• **WHAT TO WORK ON**:
Set down the data below in full, exactly as it reads, but without the pictures.

• **DATA EXTRACT**:
[Start of Attachment]

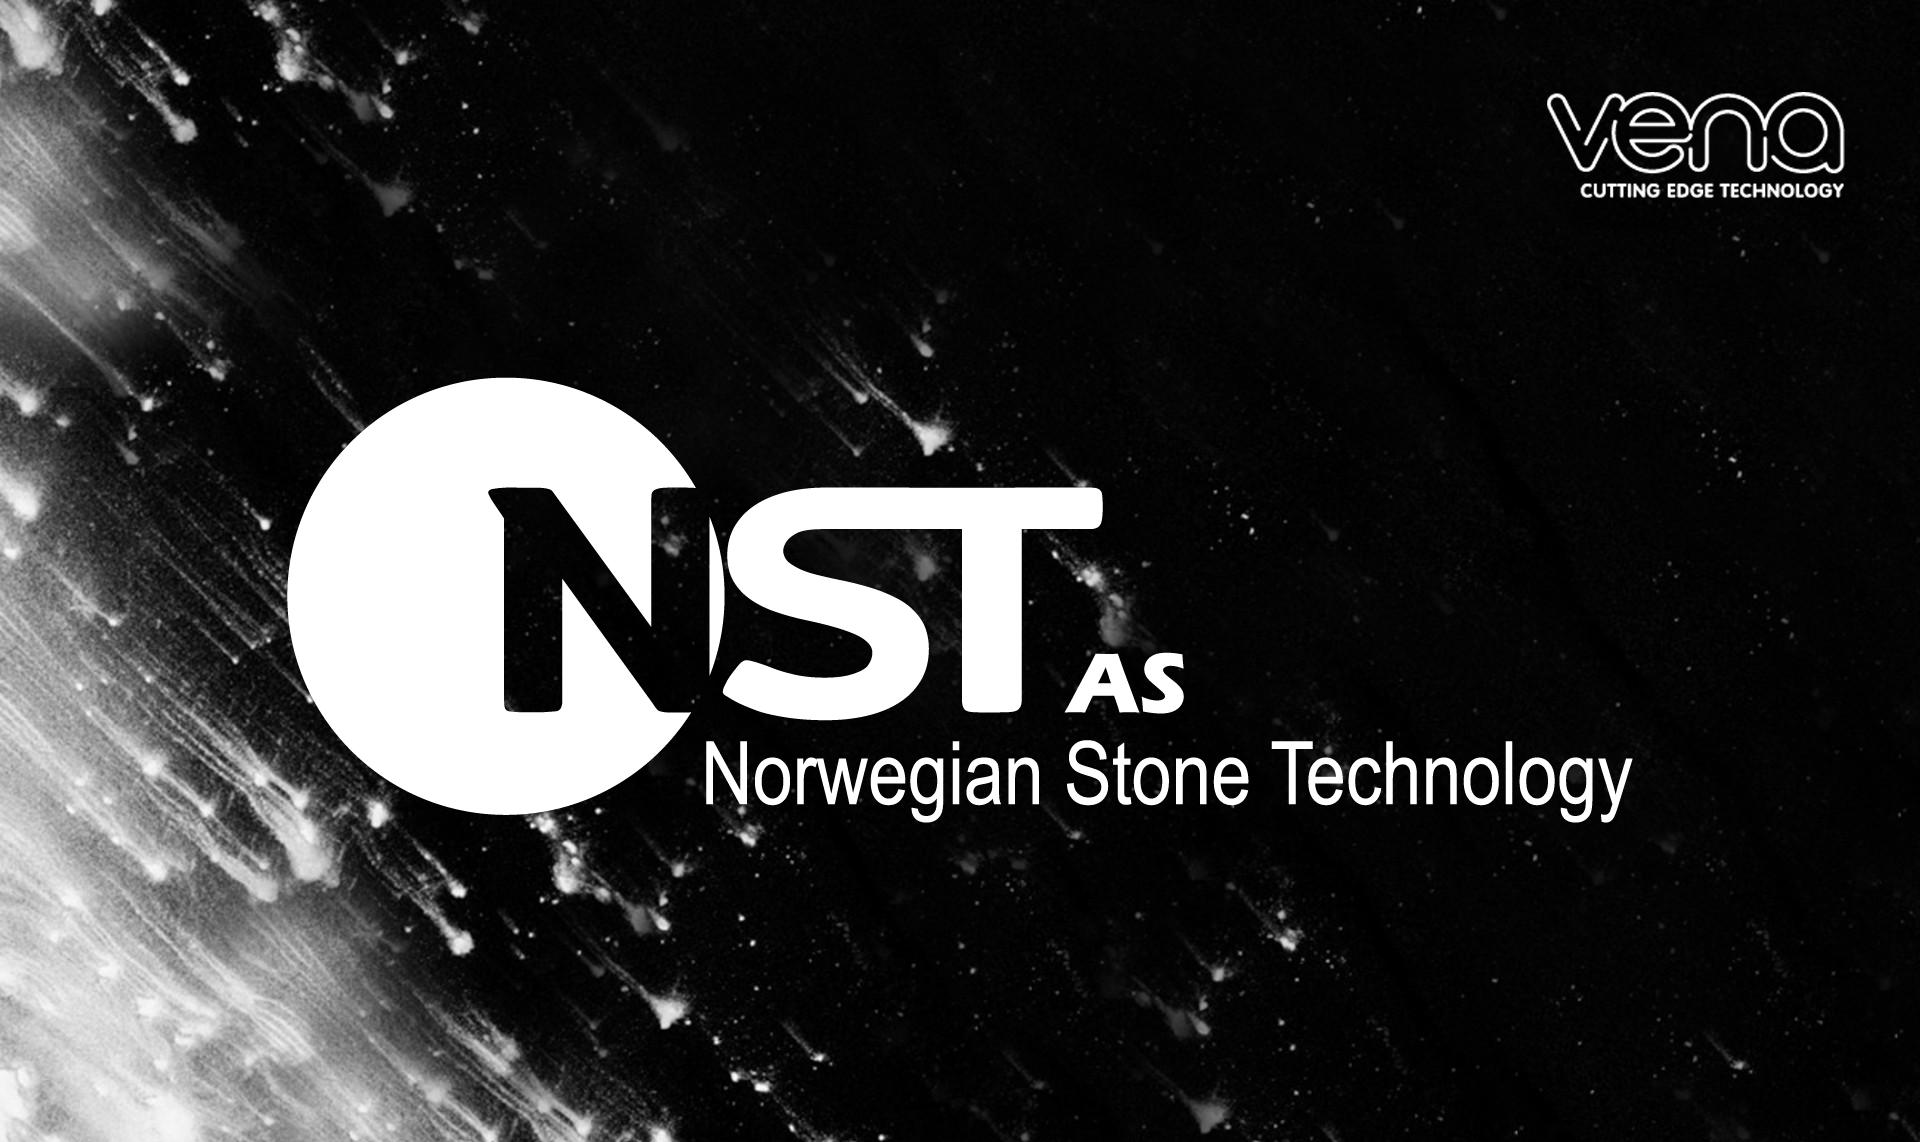 NST AS - NETTBUTIKK
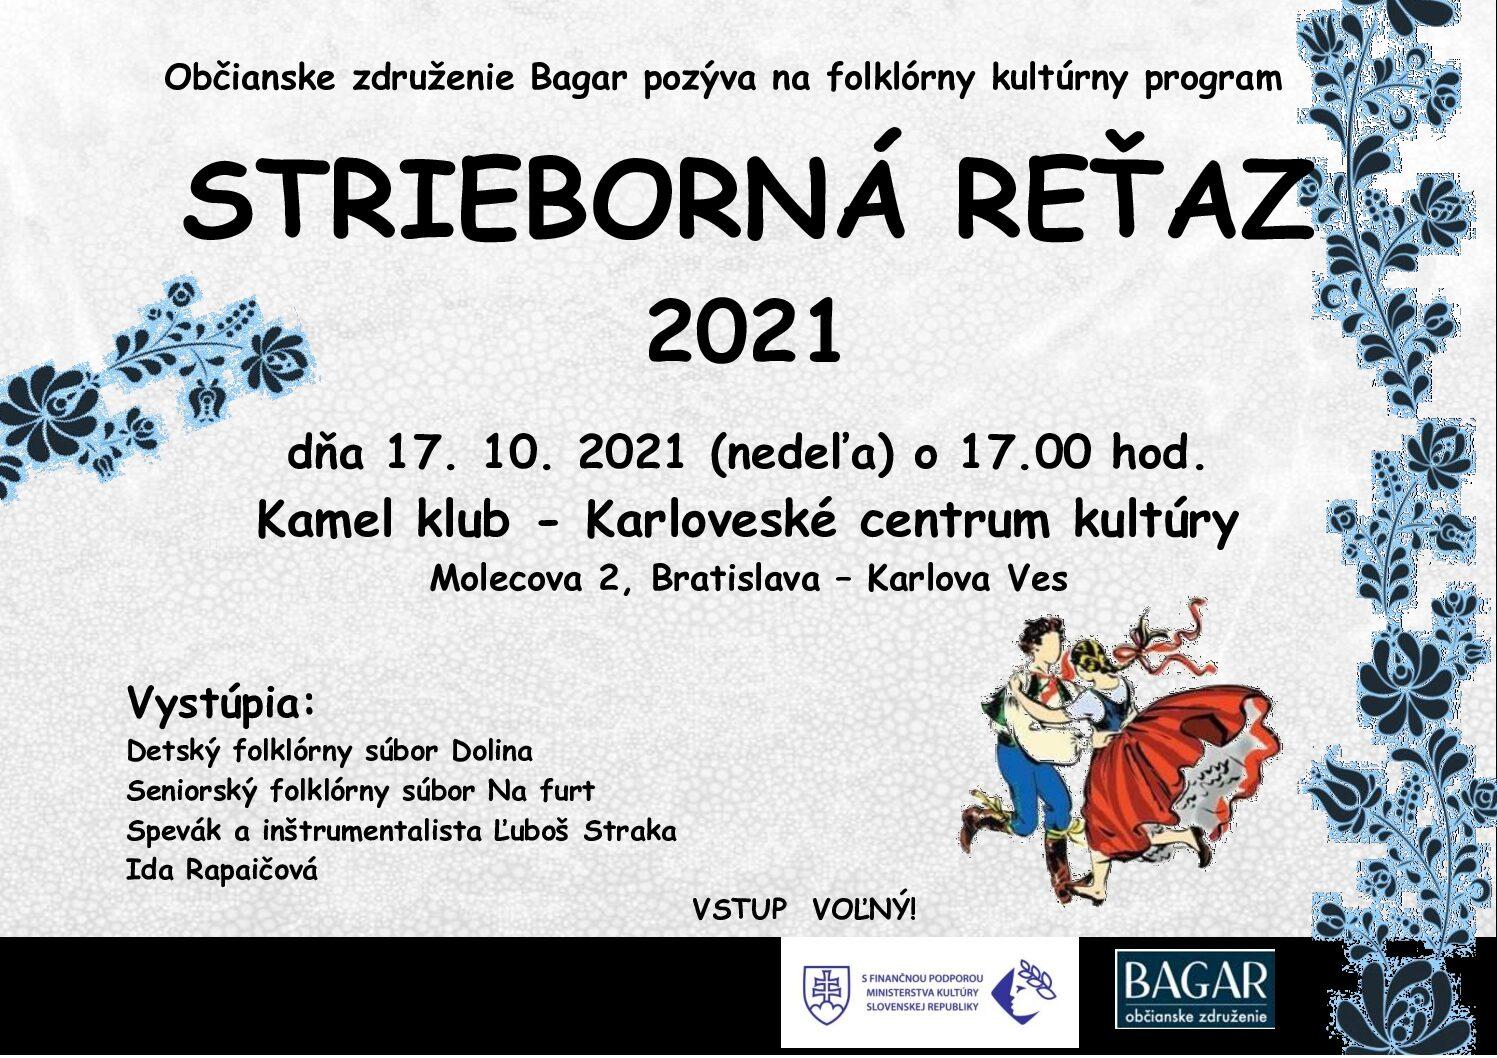 Strieborná reťaz 2021 v Bratislave
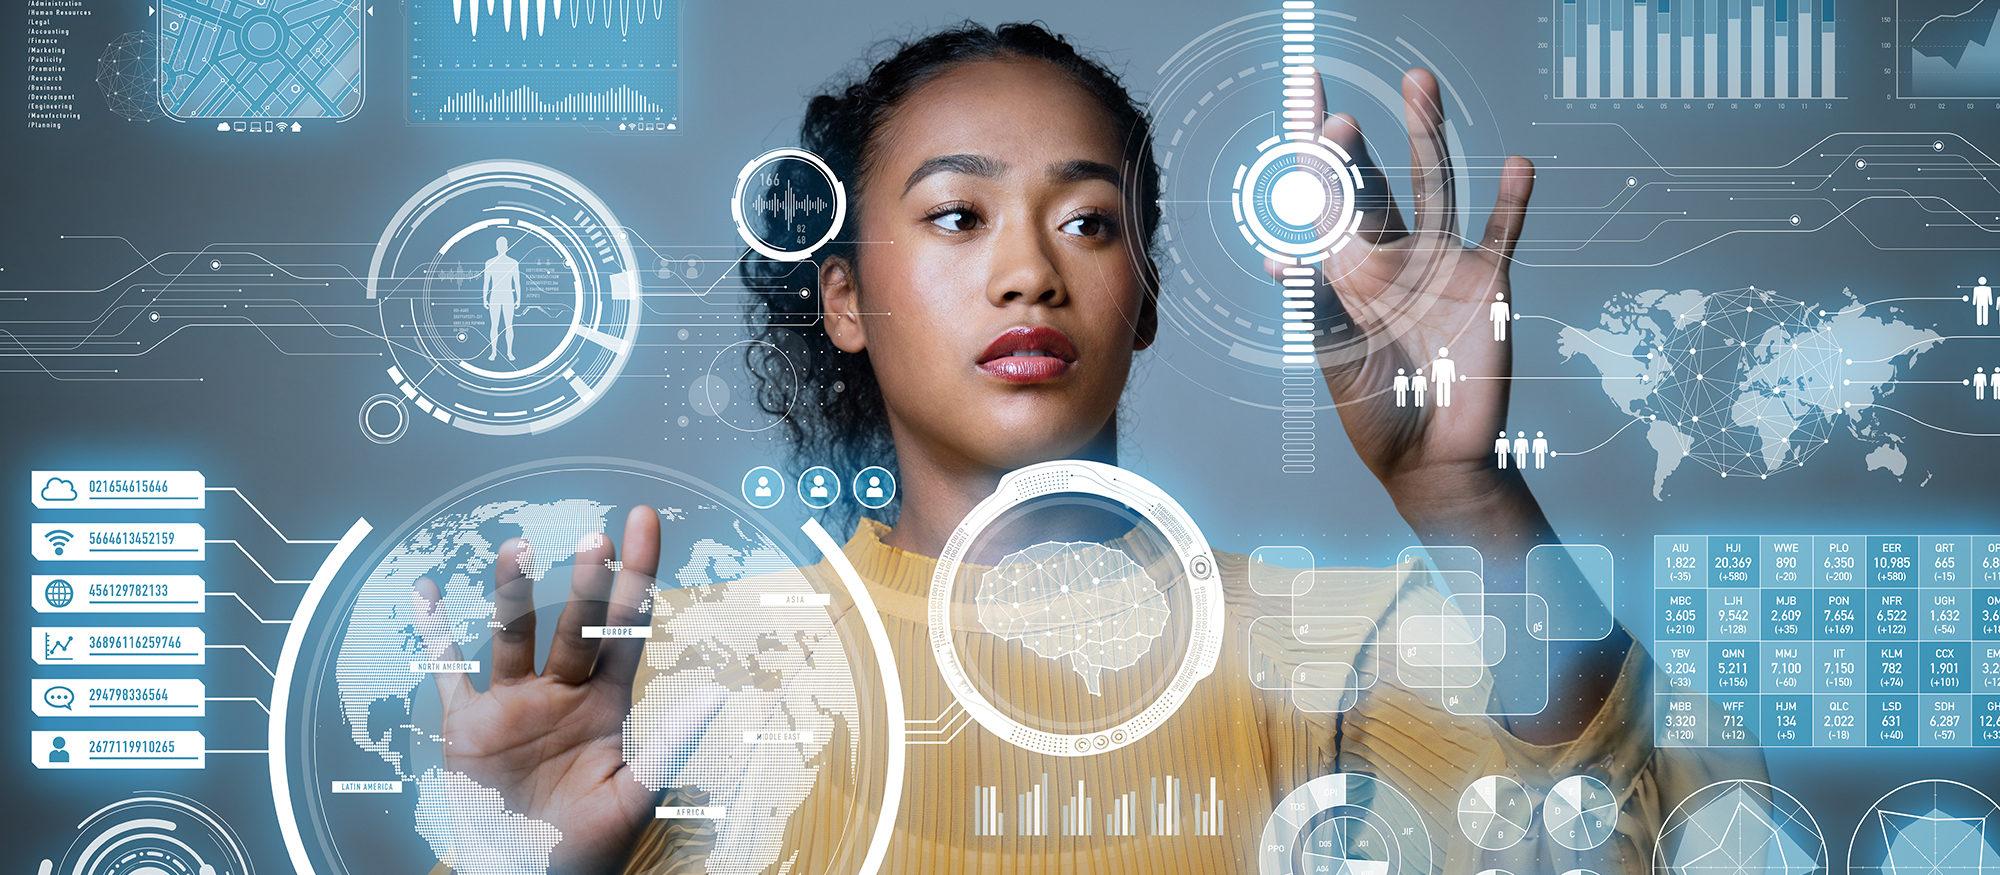 El estado de la IA en el diseño de UI / UX

[End of Attachment]

• **YOUR RESPONSE**:
 NST AS - NETTBUTIKK
 Strieborná reťaz 2021 v Bratislave
 El estado de la IA en el diseño de UI / UX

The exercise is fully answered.